# Does Paying off Auto loan early make sense or invest in RRSP in my scenario



## mdcal (Dec 31, 2014)

I am new to this forum . Wondering if some financial gurus in this forum can help me make a decision about my car loan.
I have a $42,000.00 loan on a new vehicle @7.2% through the dealer for 96 months($13,470 in interest if I keep it till the end of term). There is no Prepayment penalty in the loan terms. The idea to get this loan was to pay it off and got a very good deal (about 11k off MSRP)on the vehicle by not taking the manufacturing financing. My dilemma is should I keep this loan and and invest in RRSP or pay off this loan ASAP(say maybe in a year or 2). I am in the 200K/Annum combined income bracket.
I cant wrap my head around the calculations if I invest in RRSP instead of paying off the loan ASAP. I am fairly savvy at investing in stocks and manage RRSP myself and have averaged over 10% returns over the past 5 yrs.


----------



## cainvest (May 1, 2013)

At 7.2% I'd pay off the loan, guaranteed money savings vs unknown returns.


----------



## Synergy (Mar 18, 2013)

7.2% is highway robbery. Pay that off ASAP! With your income I'm quite surprised you couldn't have negotiated a better rate. The past does not predict the future, who knows what 2015 will bring.


----------



## indexxx (Oct 31, 2011)

Why not go to your bank and get a low-interest line of credit? Then pay off the whole car with that, and pay off the LOC while also putting a bit away into your RRSP every month at the same time. Personally, I like to see results on all fronts- and the sooner you have something in your RRSP the sooner it can start compounding.


----------



## mdcal (Dec 31, 2014)

I do contribute 10% of my income to RRSP(with 6% company match). Would it make sense to take a tax credit by contributing more to RRSP(for ex 10k) then paying the loan with whatever I get from tax returns ?
I think I could get a Line of credit if I wanted to as I have a stellar credit history but would that make a huge difference if I get say for 5% vs 7.2% which I pay currently if I don't carry the loan over 2 yrs? Not sure if there are any calculators out there to compare Auto loan payoff vs RRSP.


----------



## Synergy (Mar 18, 2013)

This should help you out with the math:
http://www.getsmarteraboutmoney.ca/...ibution-vs-paying-down-debt.aspx#.VKNubsnx2_M


----------



## indexxx (Oct 31, 2011)

Moving to a 5% LOC saves you close to $1,000/year; always save interest when you can. Saving 2.2% is the same as getting an extra 2.2% return on an investment, right? 

42,000 x 0.072= $3,022
42,000 x 0.05 = $2,100

So you could move the loan to your LOC, and put the difference in your RRSP. But with your income, I would pay it off as fast as possible- otherwise, your perceived 'savings' of $11,000 disappears and that $42k car just cost you over 50. Can you double your payments?
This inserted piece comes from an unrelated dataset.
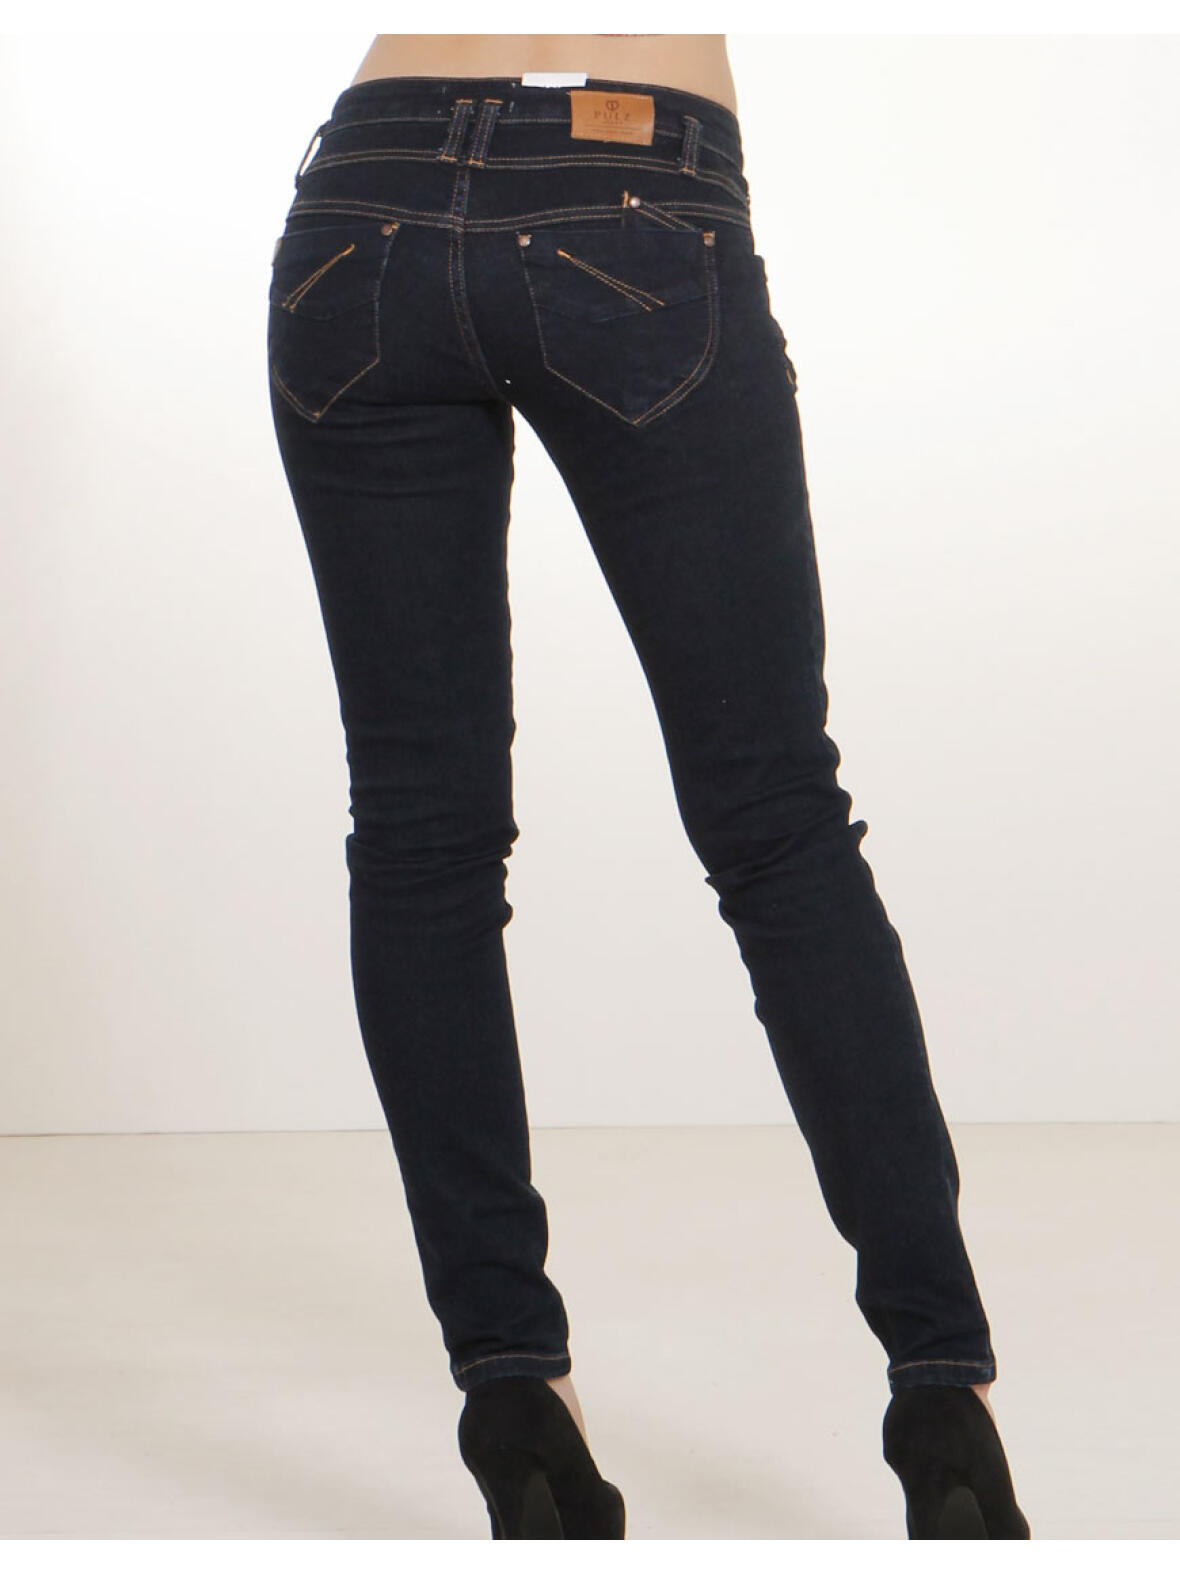 Bore Optagelsesgebyr Sikker Boutique Dorthe - Pulz Anett jeans

It does make some sense to use your refund to pay debt, but I think it's better to invest your refund as you will eventually have to pay tax on the RRSP amount when you take it out on retirement. Paying debt with your refund is essentially the same as spending your refund on what you bought, which defeats the whole purpose of a tax-deferred investment.


----------



## mdcal (Dec 31, 2014)

indexxx said:


> Moving to a 5% LOC saves you close to $1,000/year; always save interest when you can. Saving 2.2% is the same as getting an extra 2.2% return on an investment, right?
> 
> 42,000 x 0.072= $3,022
> 42,000 x 0.05 = $2,100
> ...


My Idea of agreeing to the insane dealer loan was to pay it off in a year or 2 at the most and I can triple the current payment of about $600 to $1800 a month. Sound like what you mentioned makes sense about "defeating the whole purpose of a tax-deferred investment"


----------



## Just a Guy (Mar 27, 2012)

My question is, where is your savings and "great deal" if you don't pay it off quickly? You're paying more in interest than you saved off the price of the car...doesn't sound like a good deal to me. 

Another reason to pay it off is you pay it with after tax dollars...to earn enough in your rrsp to match 7% return you'd need to make over 10%.


----------



## mdcal (Dec 31, 2014)

Synergy said:


> This should help you out with the math:
> http://www.getsmarteraboutmoney.ca/...ibution-vs-paying-down-debt.aspx#.VKNubsnx2_M


Thanks for the calculator and the link to web site lots of useful information on that site.


----------



## mdcal (Dec 31, 2014)

Just a Guy said:


> My question is, where is your savings and "great deal" if you don't pay it off quickly? You're paying more in interest than you saved off the price of the car...doesn't sound like a good deal to me.
> 
> Another reason to pay it off is you pay it with after tax dollars...to earn enough in your rrsp to match 7% return you'd need to make over 10%.



The idea was to pay it off in a year or within 2 at the most. And I also got a cheque of about $900 from the dealer who mentioned that they receive a kickback from the bank for the loan and passing some of that money back to me for taking that loan.
Lets say I pay it off in a year than I would be paying $3,022 in interest but I already got about $900 back which amounts to $2122 in interest which might not be bad deal for getting a huge cash discount which is rare on a expensive German vehicle . This is the first time I have done a vehicle purchase like this dealers always come up with new and unique ways to confuse the customers not sure if I am winning or loosing here :stupid:


----------



## Michel (Mar 7, 2014)

mdcal said:


> I am new to this forum . Wondering if some financial gurus in this forum can help me make a decision about my car loan.
> I have a $42,000.00 loan on a new vehicle @7.2% through the dealer for 96 months($13,470 in interest if I keep it till the end of term). There is no Prepayment penalty in the loan terms. The idea to get this loan was to pay it off and got a very good deal (about 11k off MSRP)on the vehicle by not taking the manufacturing financing.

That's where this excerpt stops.